In view of the upcoming Special Council 17 and 18 July, President Charles Michel sets key proposals for the repayment of loans of 750 billion euro COVID Recovery fund.


The introduction of new taxes (plastic waste, carbon adjustment measure and digital levy) would allow Commission new autonomy for budget setting. 

Along with The Netherlands, come Austria, Denmark and Sweden who want money from €750bln recovery to be given back by countries trough loans and not given out in grants. 

The southern main beneficiaries of the recovery, in fact, are going to be Italy and Spain, the hardest hit from the pandemic. 

With a death toll of 34,997 so far, Italy is set to lose 14% of GDP and Spain 11,1%, France will do even worse: -11,4%, (figures Ocse) that's why meetings in the central European area are frantic: Merkel plays as pillar for Macron and Conte though she did not give any certainty the Covid rescue plan of €500 bln grants and €250 bln in loans will get hammered out over this weekend.

From his side Italian Prime Minister Conte is trying to gain trust of the wealthy Northern 'frugal four' opposing the pandemic grants. From the Baroque Meseberg Castle he made wise use of economic diplomacy calling EU heads of state due to meet at the EU Council, to make a decision for unity "we should never forget we do not just relate to a logic of single market but to a global scenario, thus it's important EU is up to the challenge because Europe must make its voice heard. Common values and interests are at stake" said Conte hinting at the risk of a single market fragmentation.

Under the biggest EU stimulus package in history, Italy is expected to receive €172 billion.

Also time is of essence, and not for Italy only.

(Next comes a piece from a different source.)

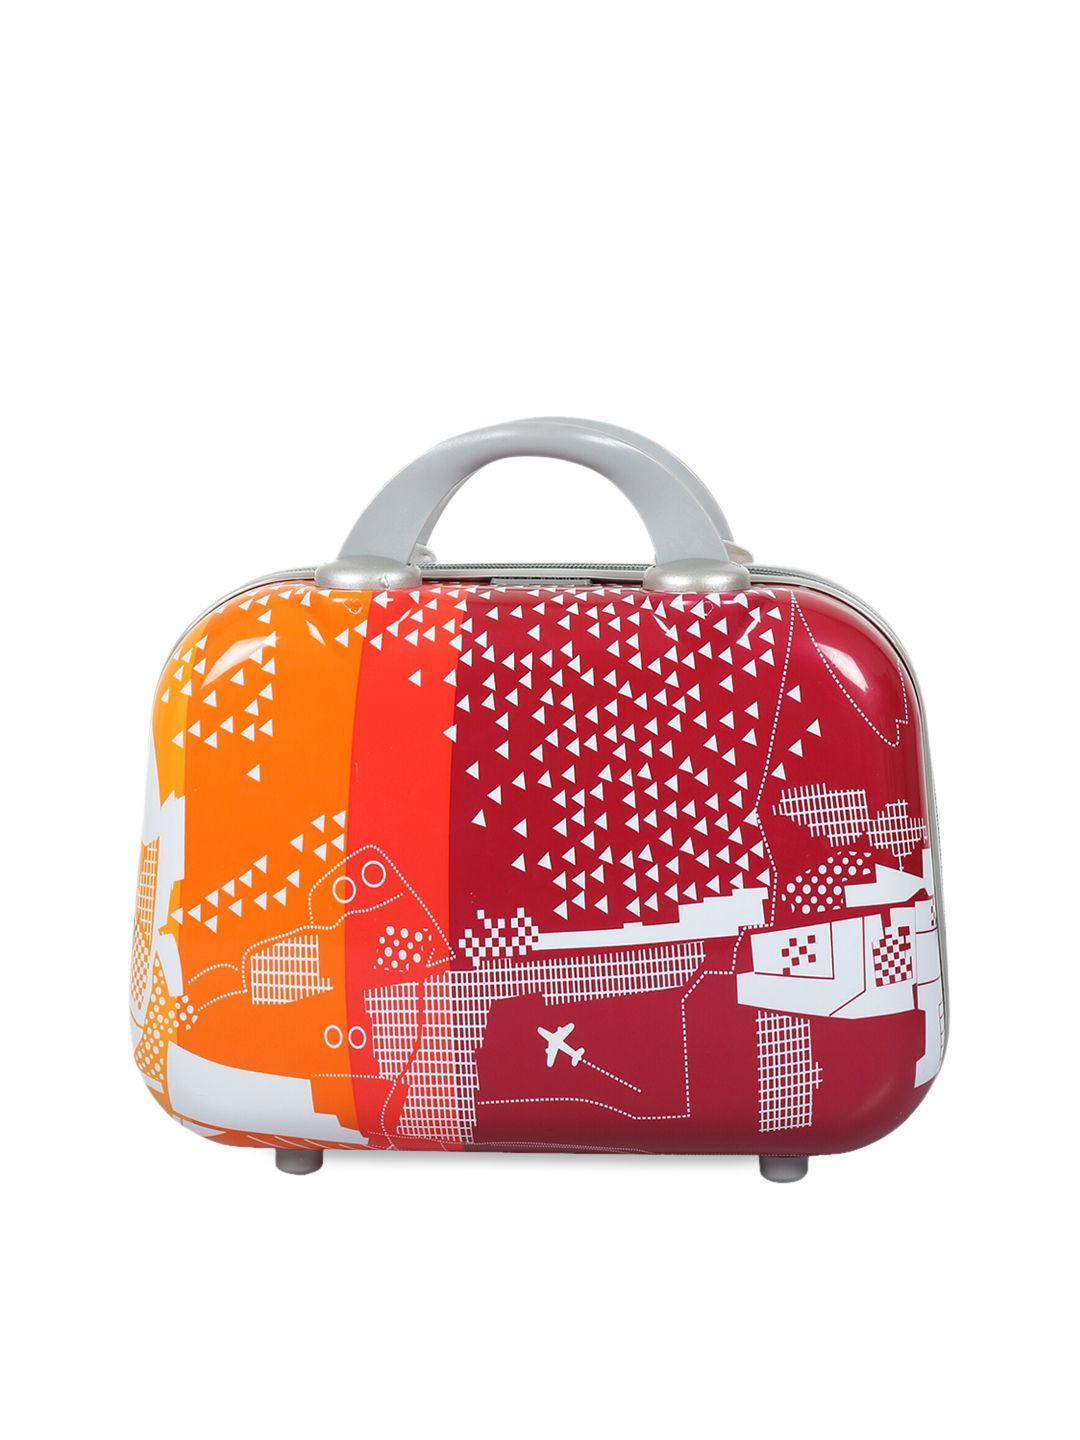 polo class unisex small red & orange vanity bag

If the 27 do not find the qualified majority this weekend, the crisis pattern will go on to hit harder and harder. Just a feeler:

Unemployment.

Spain reached in May 2020 nearly four million (3.857.800)

In Italy the real figures will not show until mid August, when the government furlough scheme will end and businesses will be able to cut jobs. Projections show if the current 4.8 million workers now on government support will be laid off the would bring the total figure to 7 million (37.6% unemployment) when added on top of the previous 2.1 million.